В один момент где-то вдалеке грохнуло, а потом — будто зеленоватое пятно пролетело вниз. Это сбили Гаспаро.
Наверху надрывалась сирена. Туман разрезали фонари. Макс спускался вниз, глубже и глубже. Поганый воздух резал лёгкие. Сверху стали палить вслепую, и один из огненных шаров зацепил кончик виверньего крыла — Максу едва удалось удержать зверя от рёва…
Потом всё помутилось. Следующее, что Макс помнил, было пещерой, в которой плясал слабый огонёк костерка. Виверн лежал ворохом тряпок, его туша ходила вверх-вниз от шумного, с присвистом дыхания. Макс лежал на спине, весь пол был покрыт бархастистым мягким мхом, а на каменной стене висел цветастый тканый ковёр с какими-то узорами, и эти узоры кружились, кружились, кружились перед глазами.
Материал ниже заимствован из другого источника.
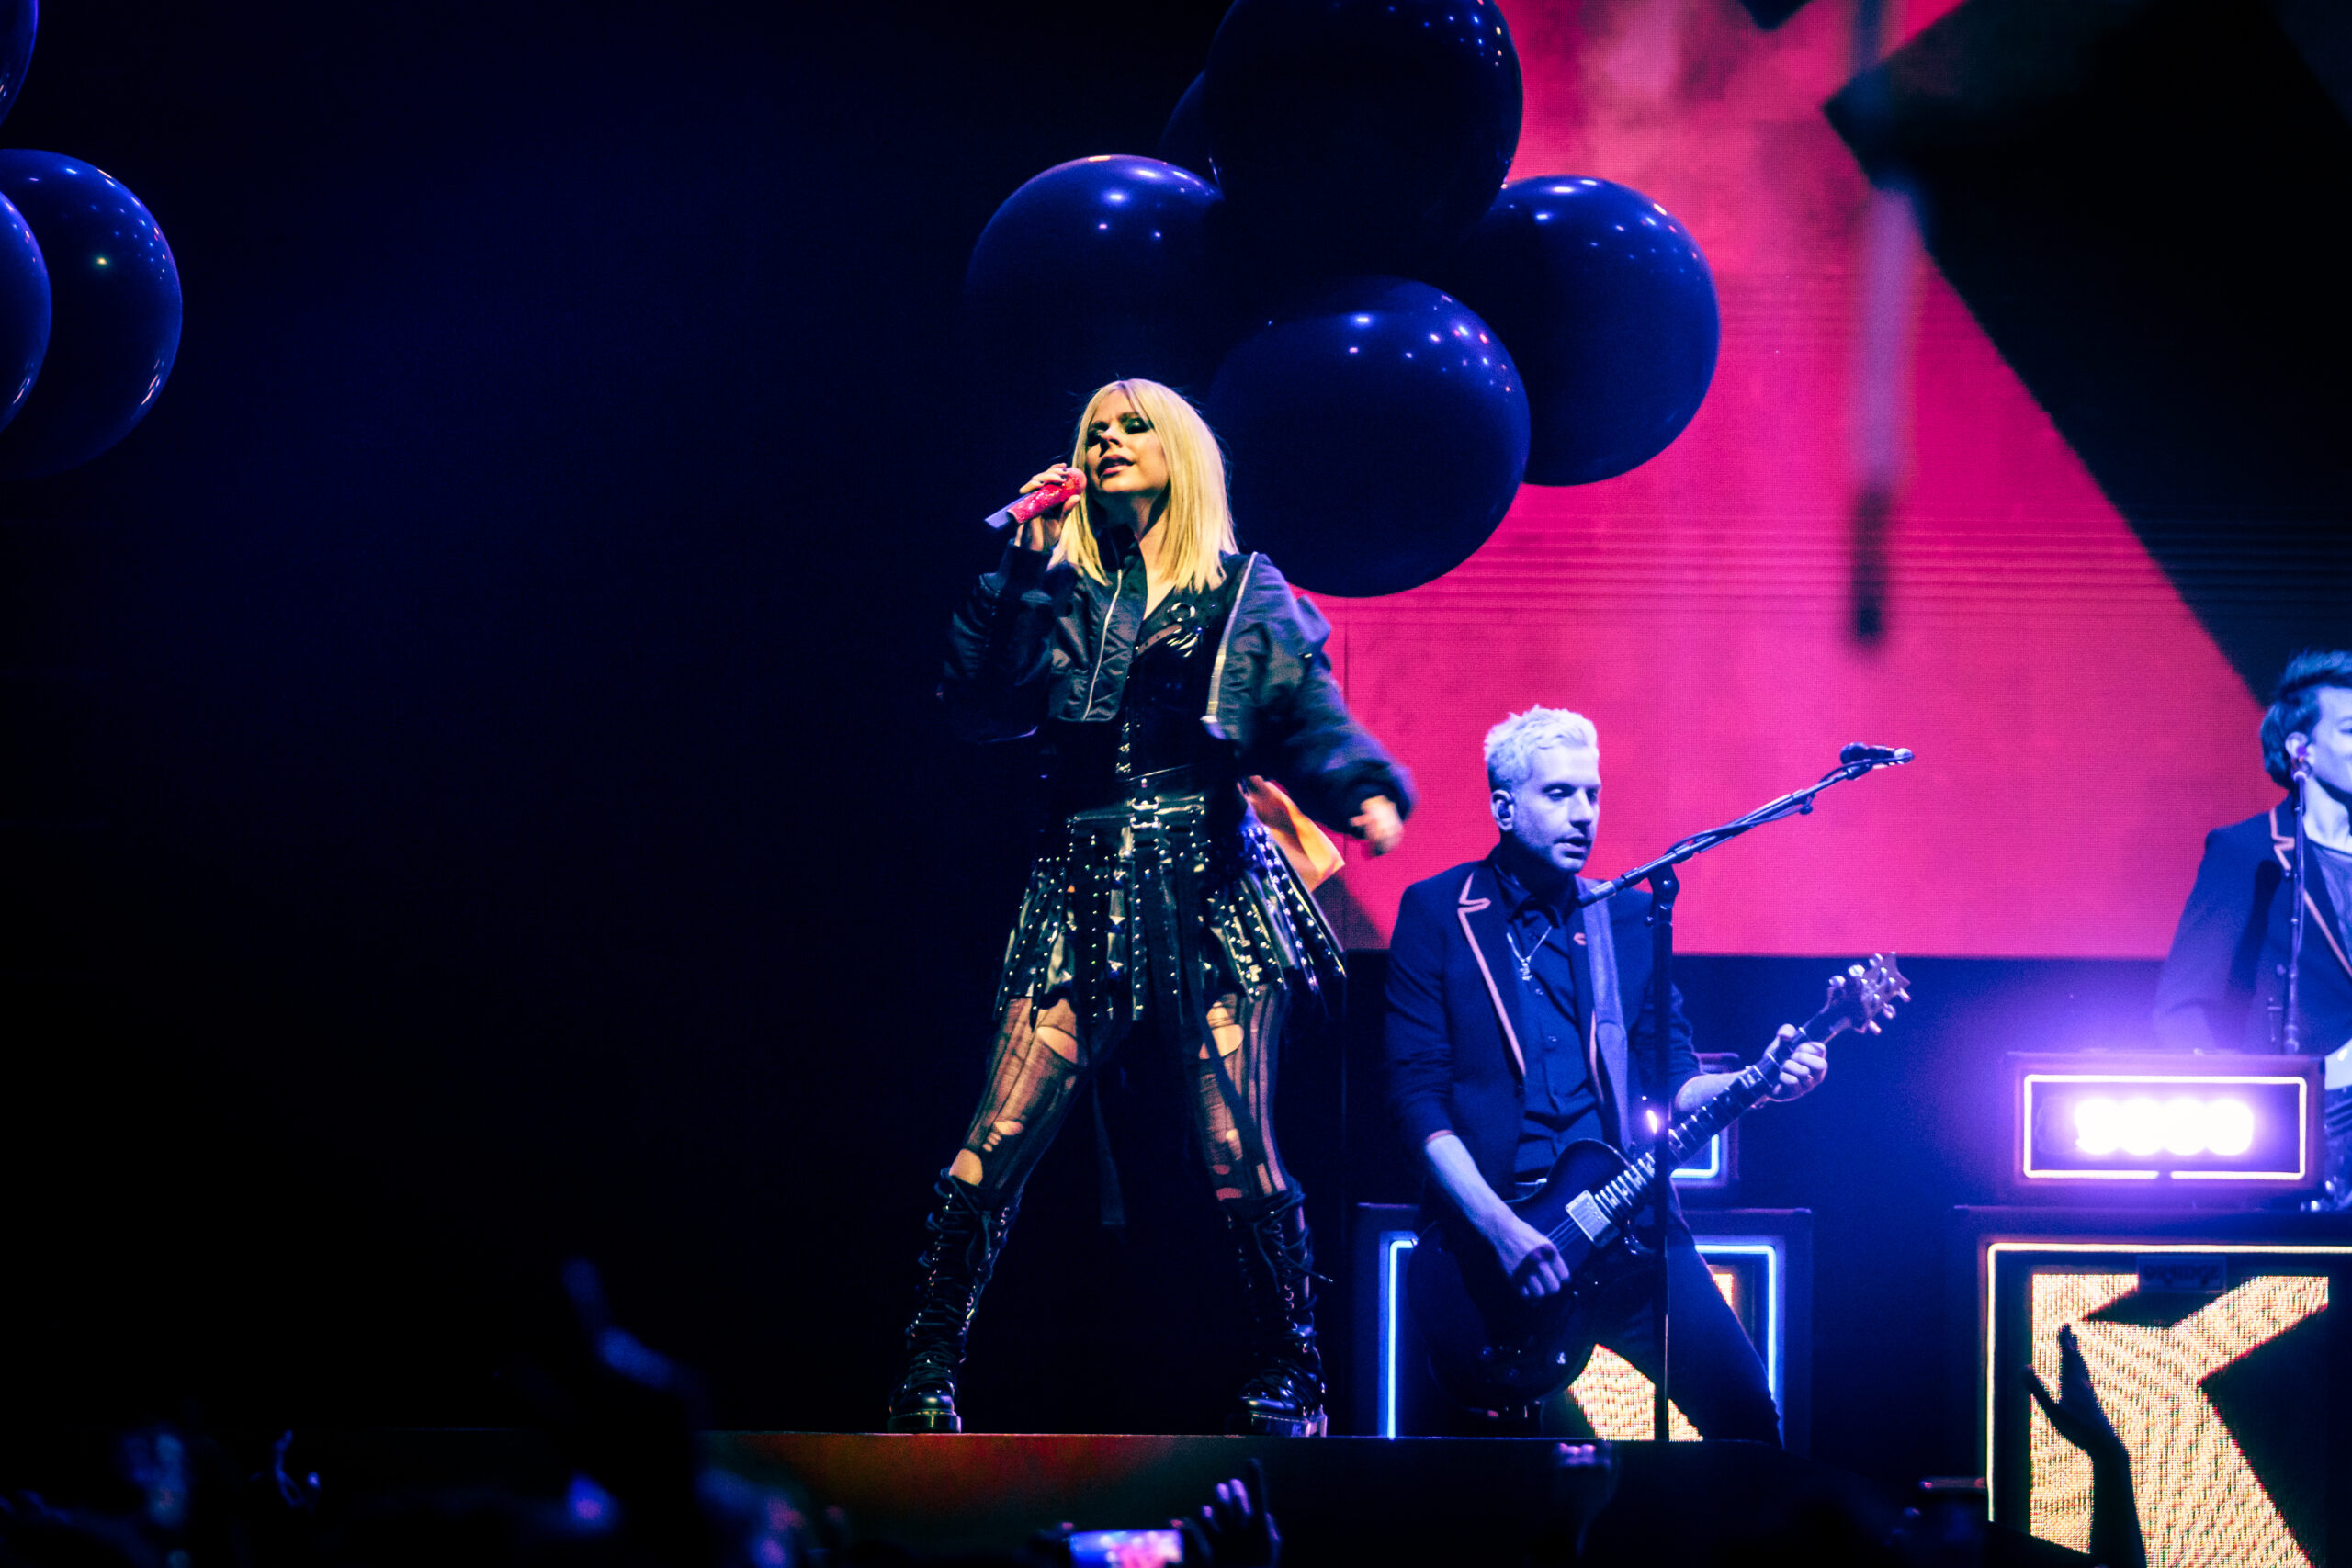 Sie hat's immer noch drauf: Avril Lavigne, mittlerweile 38 Jahre alt, rockte am Montagabend die Sporthalle Hamburg.

— И там… там была женщина.
Потом Макс убедил себя, что никакой женщины не было.
Мало ли что могло привидеться ему в отравленном тумане, в чёрной ненастной ночи, после падения и на грани смерти? Право слово, он мог бы увидеть самого Господа, и никто не сказал бы потом и слова удивления.
Но Господа не было видно с той глубины. Вместо него была женщина, бледнокожая и нескладная, как все чужаки. У неё были длинные белые пальцы и изящные запястья, все унизанные браслетами, а на лысом затылке были вытатуированы какие-то символы.
Они были почти такие, как на ковре. Там будто плясали сложенные из палочек и треугольников человечки. Примитивное, низкое искусство, — но человечки были словно живые.
Женщина тронула лоб Макса и поднесла чашу с водой. Он выпил, не ощутив вкуса. Женщина ворковала что-то на своём языке, гортанно-звонком и странно певучем, но Макс не понимал её слов: по-чужацки он знал только самые простые команды.
— Я не понимаю, — сказал Макс.
Женщина погладила его по голове, как ребёнка.
— Почему ты мне помогаешь?
Он сел, — спина отозвалась стреляющей болью. Макс не помнил посадки. Похоже, он потерял сознание то ли от боли после попадания снаряда, то ли от отравы в воздухе.
Виверн плакал, как ребёнок. Зверь потерял самый кончик крыла, полотнище было мокрым, поверх лежал ковёр вроде того, что на стене, — похоже, странная женщина смогла сбить жадное пламя.
Пещерка была жилой и хранила в себе следы былой роскоши. У стены громоздились крупные медные чаши, когда-то начищенные до блеску, с узорами и даже каменьями. На трюмо выстроились маленькой армией скляночки, изящные и нежные, рядом с ними лежали нож и пистолет. Чуть поодаль — детская коляска в красном блестящем корпусе, из которого чуть торчало вышитое одеяло.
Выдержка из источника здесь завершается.